This worked pretty well, but we made one key mistake. The way we were ordering pages meant that it was almost impossible to paginate through them and be sure that you had seen everything under a specific tag. If you’re trying to keep track of everything going on in the site, reliable pagination is essential. The only way to get reliable pagination on a fast moving site is to order by the date something was first added to a set in ascending order. That way you can work through all of the pages, wait a bit, hit “refresh” and be able to continue paginating where you left off. Any other order results in the content of each page changing as new content comes in.
We eventually added an undocumented /in-order/ URL prefix to address this issue. Next time I’ll pay a lot more attention to getting the pagination options right from the start.

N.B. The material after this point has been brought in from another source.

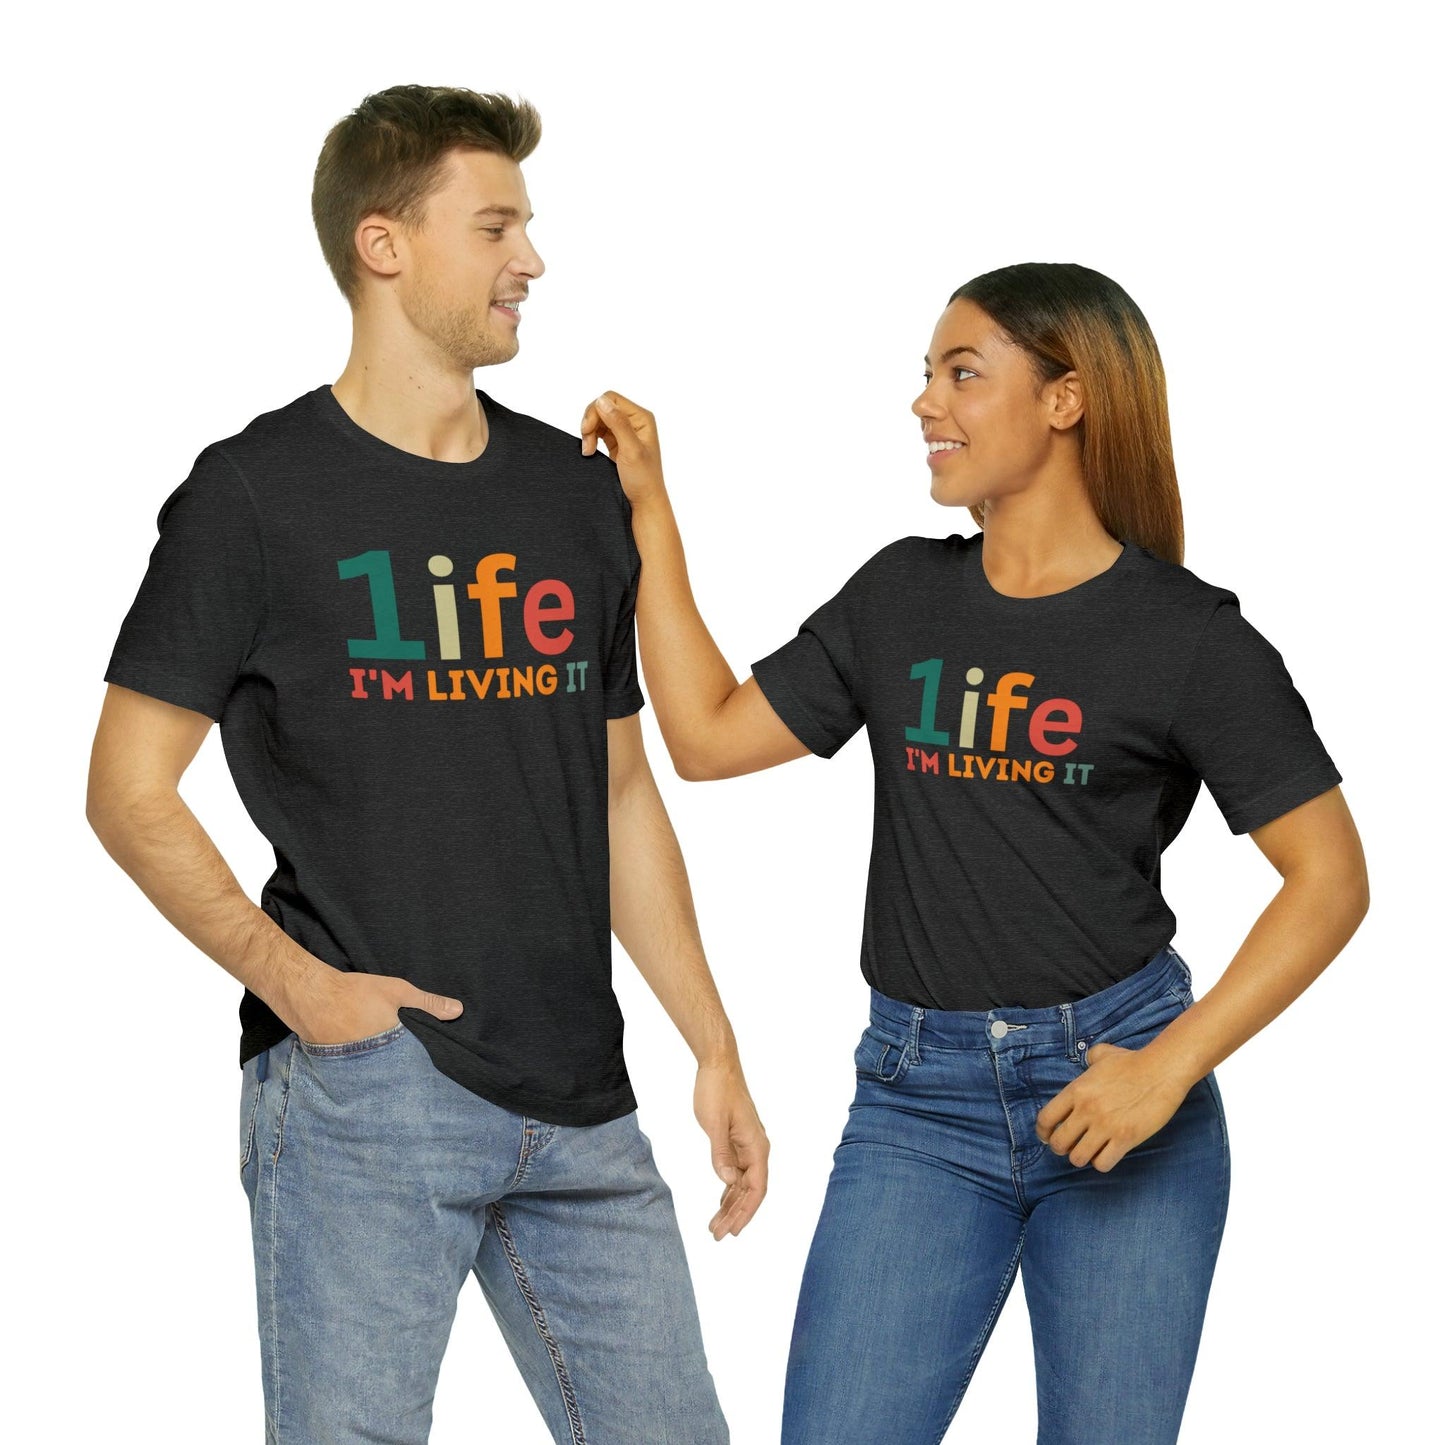 One life Shirt Retro 1life shirt Live Your Life You Only Have One Life To Live Retro Shirt - Giftsmojo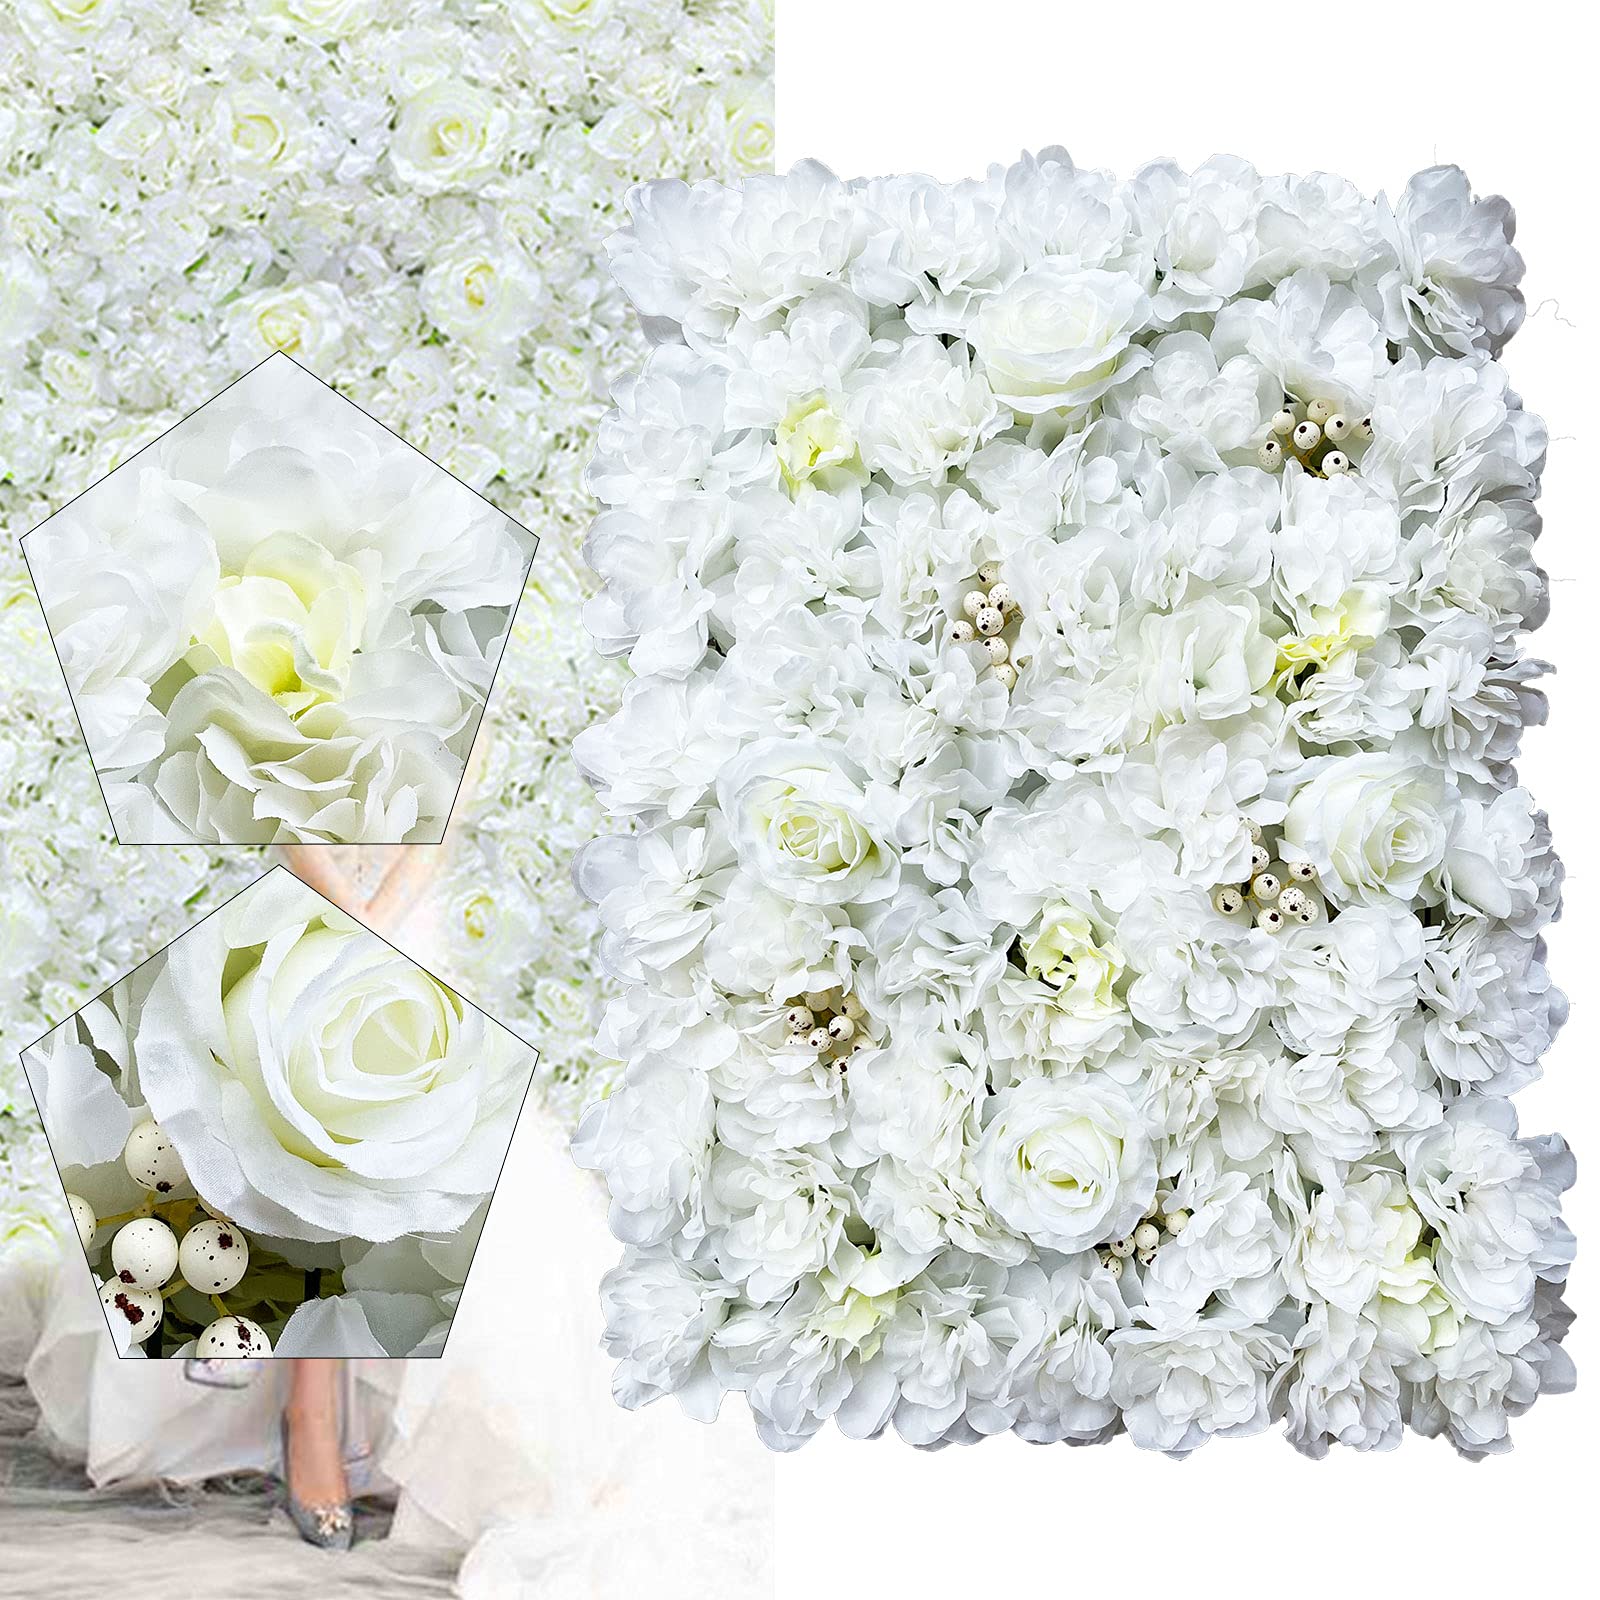  12 pannelli da parete romantici con fiori artificiali, 60 x 40 cm

Rewarding our contributors
The reviewing experience the first time round was actually quite lonely. We deliberately avoided showing people how others had marked each page because we didn’t want to bias the results. Unfortunately this meant the site felt like a bit of a ghost town, even when hundreds of other people were actively reviewing things at the same time.
For the new version, we tried to provide a much better feeling of activity around the site. We added “top reviewer” tables to every assignment, MP and political party as well as a “most active reviewers in the past 48 hours” table on the homepage (this feature was added to the first project several days too late). User profile pages got a lot more attention, with more of a feel that users were collecting their favourite pages in to tag buckets within their profile.
Most importantly, we added a concept of discoveries—editorially highlighted pages that were shown on the homepage and credited to the user that had first highlighted them. These discoveries also added valuable editorial interest to the site, showing up on the homepage and also the index pages for political parties and individual MPs.
Light-weight registration
For both projects, we implemented an extremely light-weight form of registration. Users can start reviewing pages without going through any signup mechanism, and instead are assigned a cookie and an anon-454 style username the first time they review a document. They are then encouraged to assign themselves a proper username and password so they can log in later and take credit for their discoveries.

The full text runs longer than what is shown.